17) Equity summaries
Grouped by:
- sex (gender)
- age band

For each group:
- patients count
- BP control rate
- DM control rate
- LTFU rate

18) Control improvement
Baseline status:
- earliest register per patient
- BP baseline from first valid of 1st/2nd/3rd BP
- DM baseline from first_dm_* then second_dm_*

Eligible for improvement:
- baseline uncontrolled AND has latest valid measurement

Rate:
- improved / eligible * 100

19) Sustained control
For each patient and condition:
- need at least 2 valid follow-up measurements
- sustained if last two are both controlled

Rate:
- sustained / eligible * 100

Export files and what they represent
------------------------------------
Per clinic in outputs/{DB}/:
- registers_clean.csv: cleaned register-level dataset
- followups_clean.csv: cleaned follow-up-level dataset
- patient_latest.csv: one latest follow-up record per patient (main denominator table)
- monthly_summary.csv: registrations and follow-ups by month
- bp_control_trend.csv: monthly BP control trend
- dm_control_trend.csv: monthly DM control trend
- continuity_metrics.csv: active/ltfu/missed/late counts + rates
- quality_metrics.csv: lab coverage metrics
- risk_metrics.csv: risk markers and symptoms
- operations_metrics.csv: medication changed summary
- operations_distributions.csv: adherence + drug supply distributions
- other_medications.csv: normalized Foth_medi_spec distribution
- equity_bp_control.csv, equity_dm_control.csv: equity tables
- kpi_summary.csv: top KPI table
- data_quality_report.csv: quality counters
- data_quality/invalid_date_ranges.csv: row-level invalid date list
- doctor/doctor_action_lists.csv: clinical follow-up list

Overall outputs in outputs/overall/:
- Same structure computed on combined clinic data.
- Includes kpi_summary_by_clinic.csv and overall invalid_date_ranges.csv.

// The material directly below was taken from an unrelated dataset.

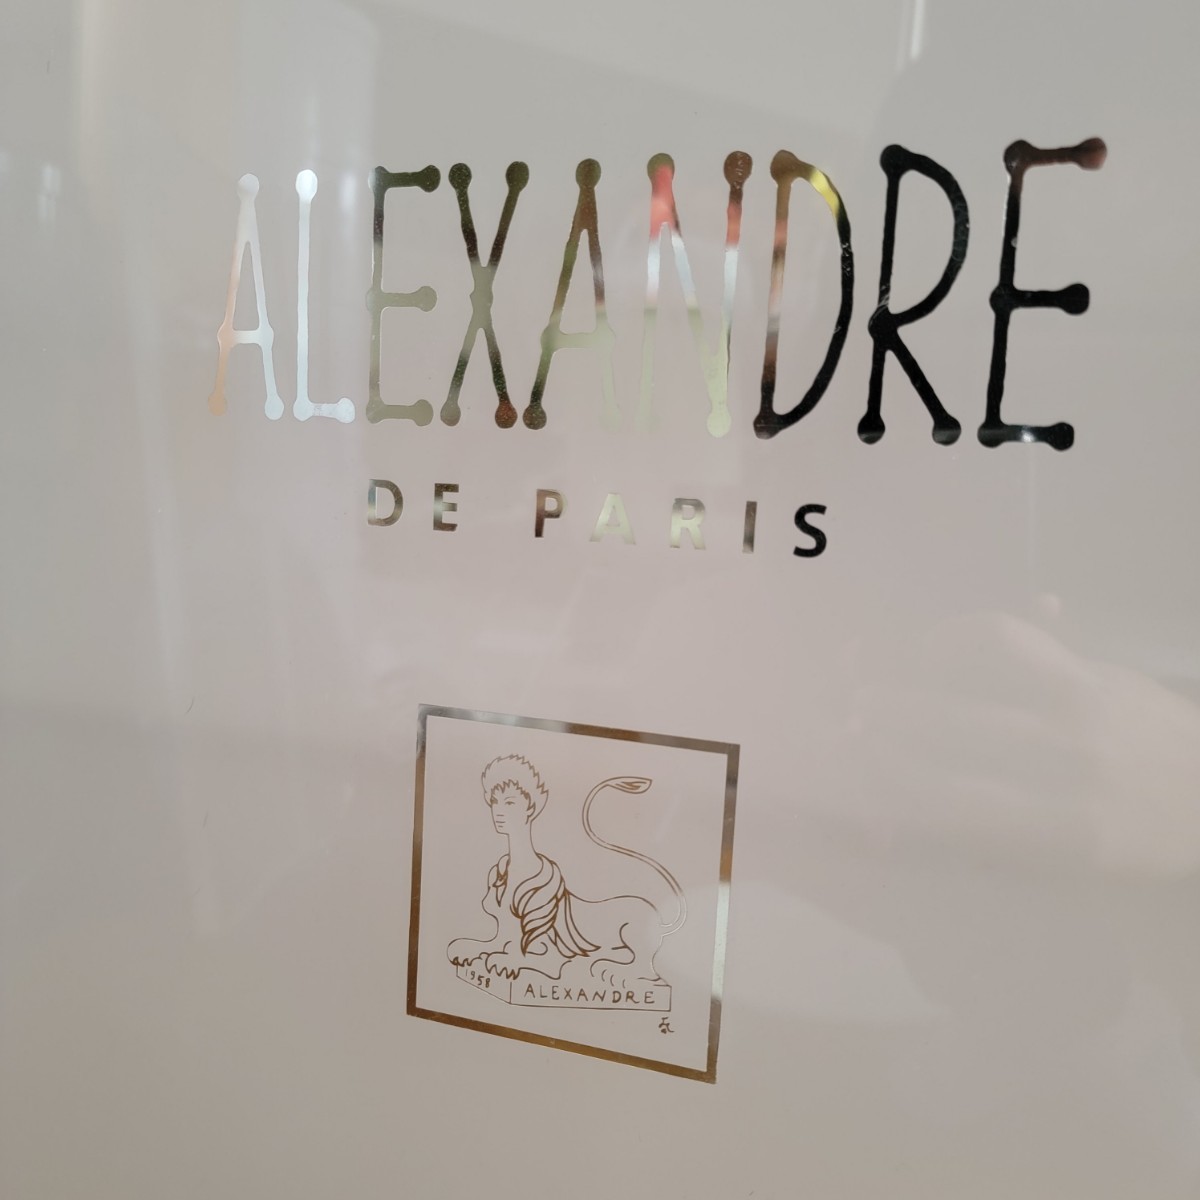 非売品 alexandre de paris アイテム メイクワゴン 美容室 化粧品 コスメ 開業 販売促進 店舗什器 アレクサンドルドゥパリ 高級コスメ の画像9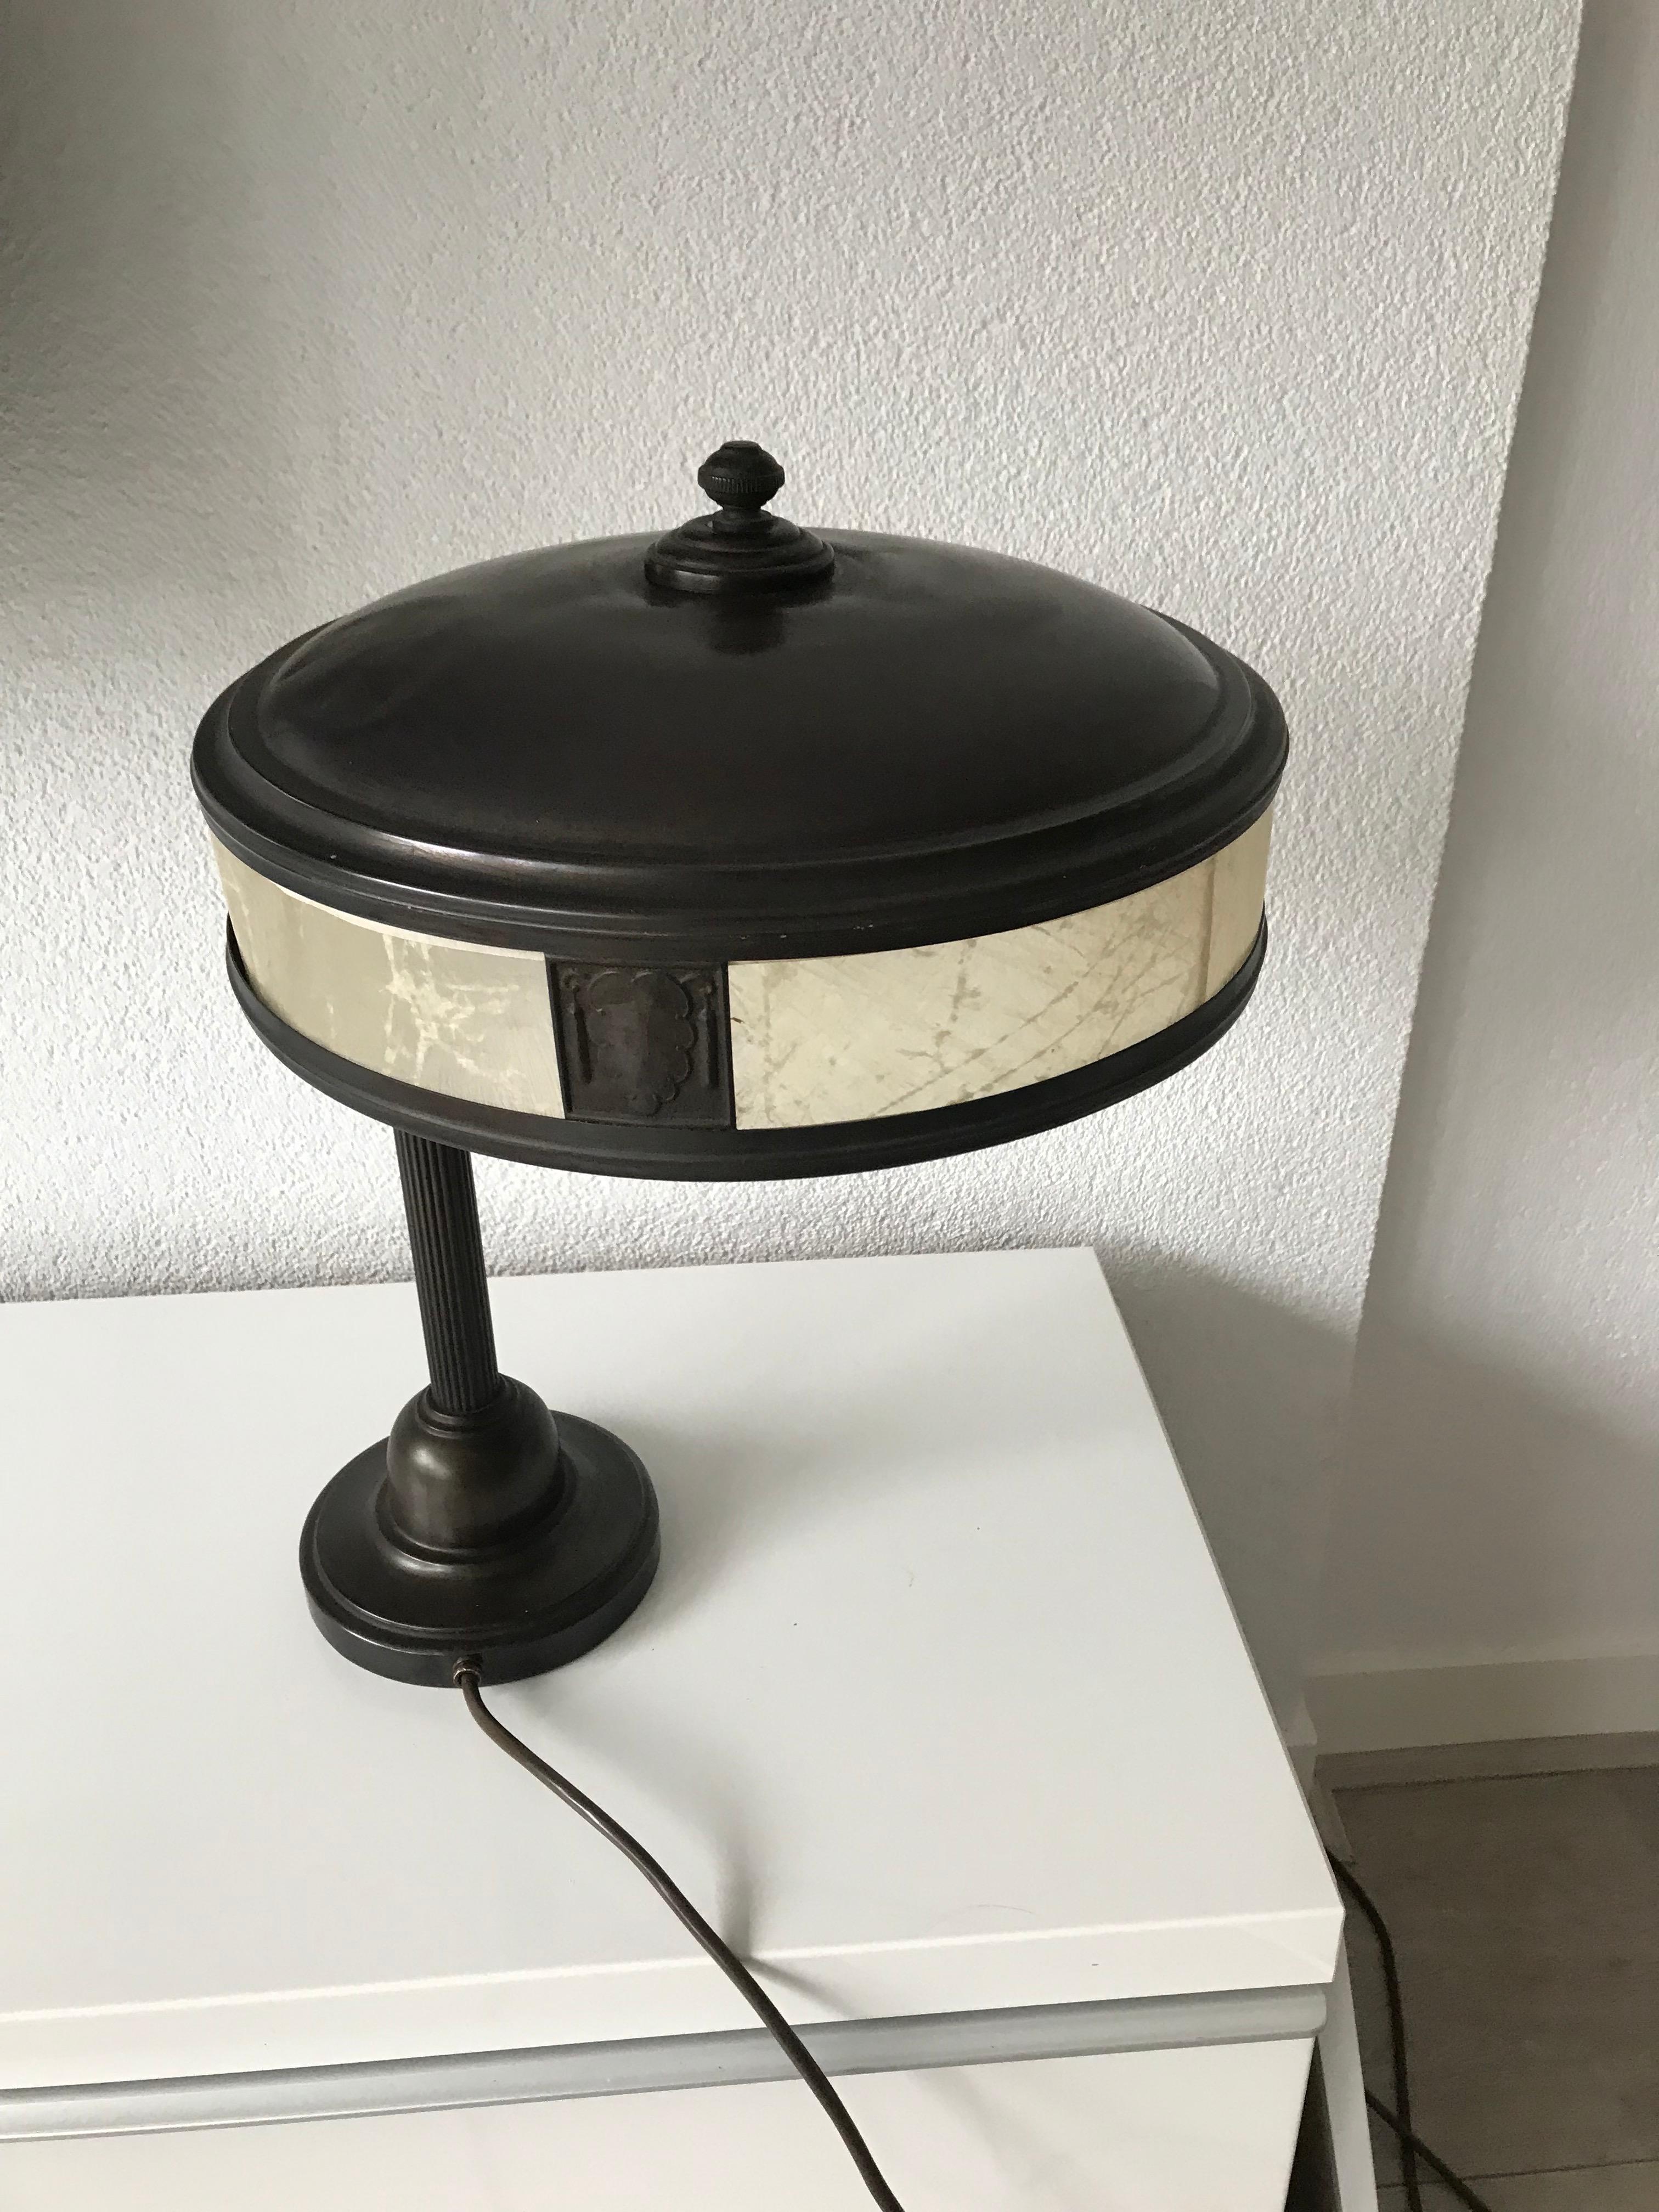 Jugendstil Era Arts & Crafts Patinated Brass Table or Desk Standard Lamp 9

Important denominator notes
---------------------------
1) "Patients" in KPI cards:
- count of rows in patient_latest (latest-follow-up cohort), not all raw attendance rows.

2) BP/DM control denominator:
- not all patients; only those with valid measurements for that metric.

3) Visit-level missed appointment percentage:
- denominator is follow-up visits assessed among active patients.
- this can differ from patient-level missed count.

Current key default parameters (config.yaml)
--------------------------------------------
- date_range: 2015-01-01 to 2025-12-31
- data_quality.min_valid_date: 2018-01-01
- data_quality.max_valid_date: 2025-12-31
- active_days: 180
- ltfu_days: 90
- BP control: <140/<90
- DM thresholds: HbA1c<7, 2HPP<180, FBS<126, RBS<200

Audit/troubleshooting locations
-------------------------------
- Background status: storage/app/ncd_analysis_status.json
- Background log: storage/logs/ncd_analysis_background.log
- Last outputs timestamp: derived from latest CSV mtime in outputs/{clinic}/

Notes
-----
- Unknown/NA/null-like values are treated as missing in most calculations.
- Date filtering and trend filters are applied before most metrics.
- If a metric looks inconsistent, first compare:
  - selected clinic
  - timeframe / trend year
  - denominator definition (patient-level vs visit-level).